$370 Million In TV Deals Done for Spectrum Auction Tender

NEW YORK — Around $370 million worth of TV stations have traded hands with the express purpose of offering them up in the incentive auction, Wells Fargo analysts report. In round numbers, at least 70 TV stations are going on the block through the group led by former Disney lobbyist Preston Padden, who described them as “heavily weighted toward the largest markets.”

Both Padden and the Wells Fargo team, led by Marci Ryvicker, attended the SNL Kagan Broadcast Summit in New York on Thursday.

Padden said his group “remains bullish about the prospects for a successful auction by the end of 2014.” Broadcasters at the summit pegged 2015-16 as a more realistic timeframe, Ryvicker said.

“Some of the concerns they raised include repacking, the Mexican and Canadian border issues, the uncertainty around final spectrum proceeds, and the overall complexity of the entire auction process,” she wrote in a note released today.
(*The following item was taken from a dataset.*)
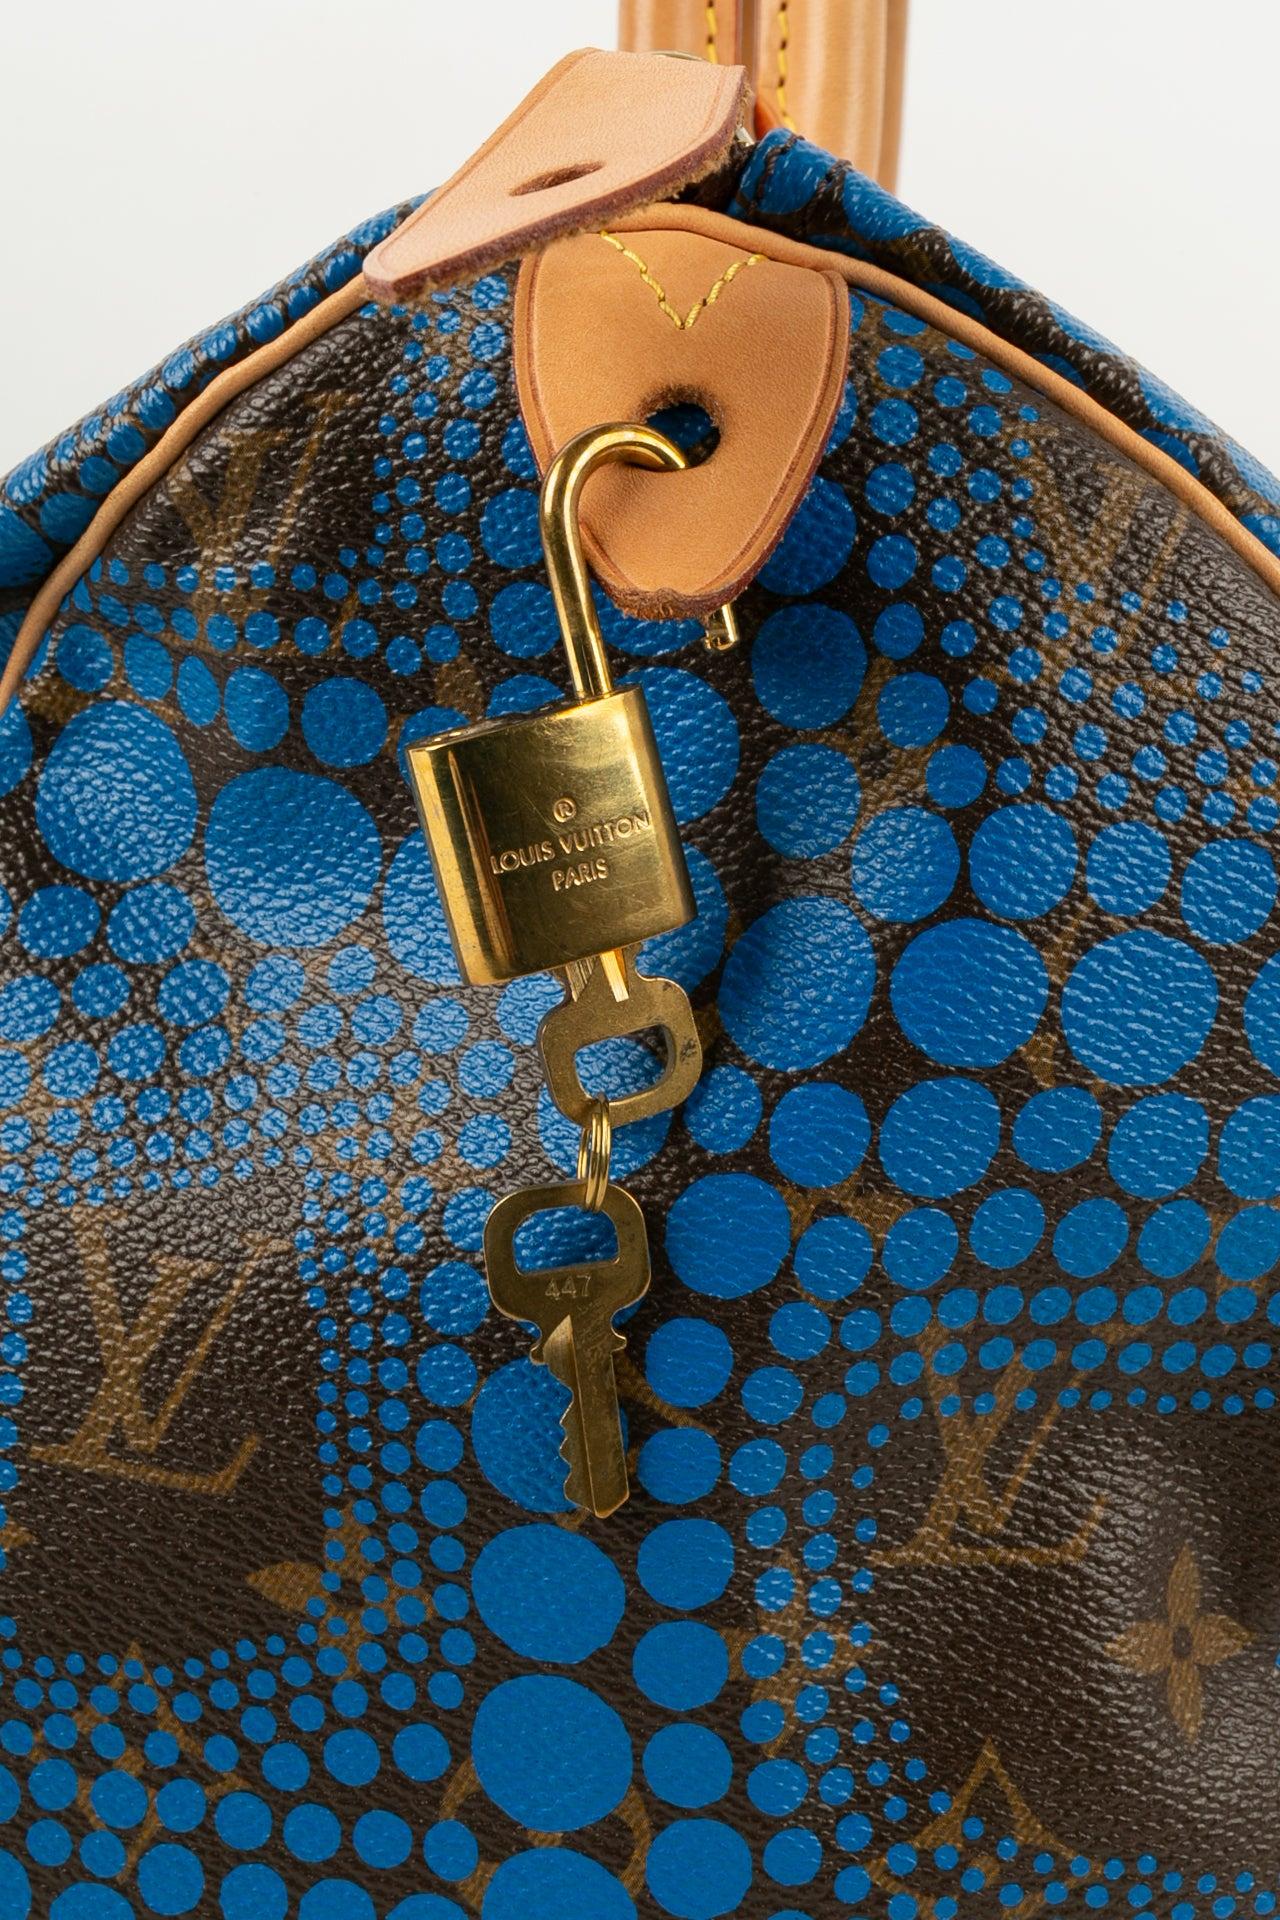 Louis Vuitton Leather Bag by Yayoi Kusama For Sale 2
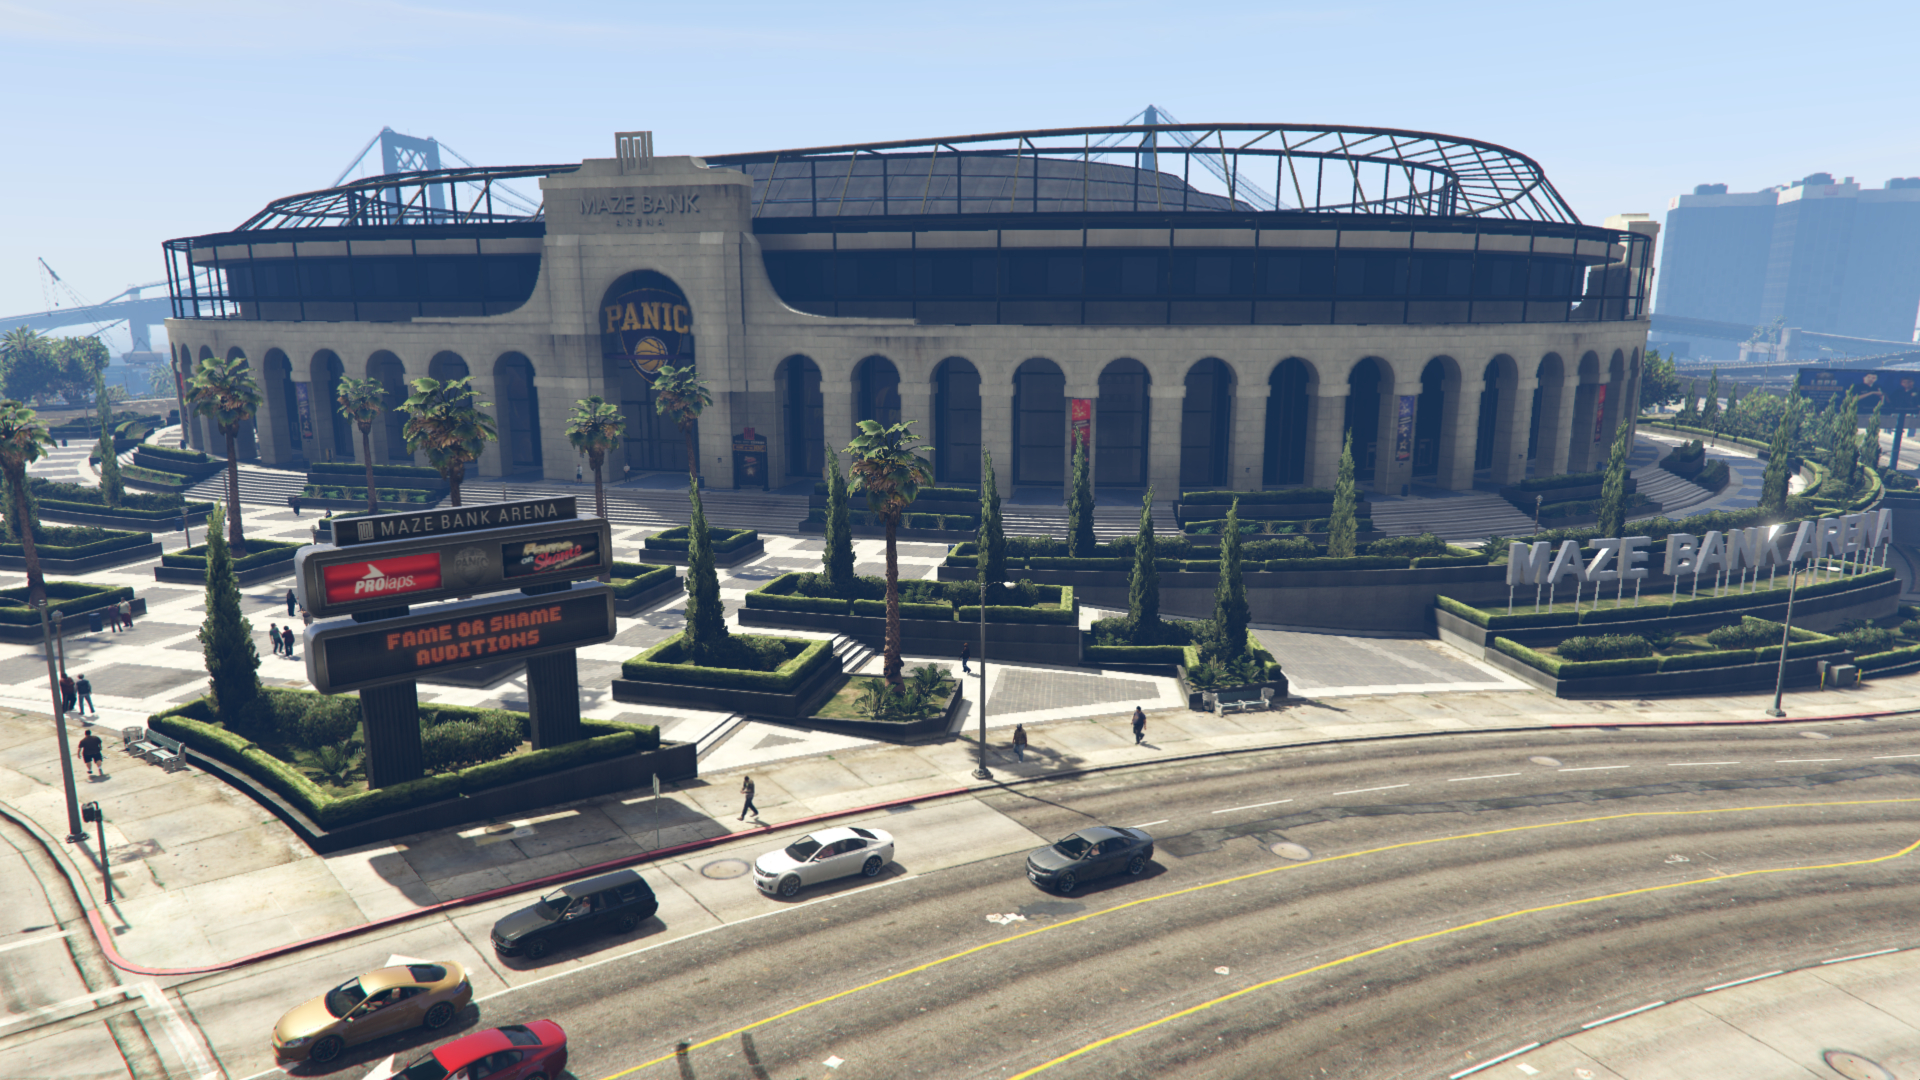 All banks in gta 5 фото 22

One element of that complexity involves how stations will be repacked into whatever spectrum remains dedicated to television after the auctions. The Federal Communications Commission is pushing for a variable band plan allowing TV stations and wireless broadband to occupy the same channels in different markets. Broadcasters and wireless providers are pushing back.

The commission is also contemplating limits on participation so that Verizon and AT&T don’t dominate the auction as they did the 2008 auction of 700 MHz TV spectrum.

“We think there could be restrictions, but not outright exclusions,” the Wells Fargo team said.

The other obstacle to a 2014 auction is that the commission remains two commissioners short of a full house. Tom Wheeler remains unconfirmed by the Senate as the new chairman, and a second Republican has yet to be nominated. The three sitting commissioners will hear an update on the incentive auction at their regular meeting on Thursday, June 27, from the Incentive Auction Task Force.

The TV station market is heating up in the meantime. The Wells Fargo team reports that between $7 billion and $8 billion in TV assets are up for sale, or likely to be put on the block in the next 12 to 24 months. The current focus of mergers and acquisitions remains private equity deals, followed by “mergers of equals,” as with the Media General-Young Broadcasting deal announced Thursday.

“While retrans is still a big driver of synergies, there is more focus on efficiencies from both a cost perspective and duopolies,” the Wells Fargo team said. “One key point—negotiations haven’t gotten tougher, with sellers multiples still 8-9x and buyers at 5-6x.”

Overall, the analysts pronounced the core business of broadcasting to be healthy. Automotive advertising is driving growth again; telecomm, particularly T-Mobile, is strong, as well as “anything related to housing,” they said.

On the retrans front, broadcasters told the analysts that revenues will be split 50-50 with networks over the next three to four years, and many reported getting average fees of around $1 per sub per month. Retrans contracts are averaging about three years, they said, compared to five years for reverse compensation contracts with the networks.

“In our view,” they said, “this is a positive, as this structure allows operators to negotiate retrans twice during each reverse comp window.”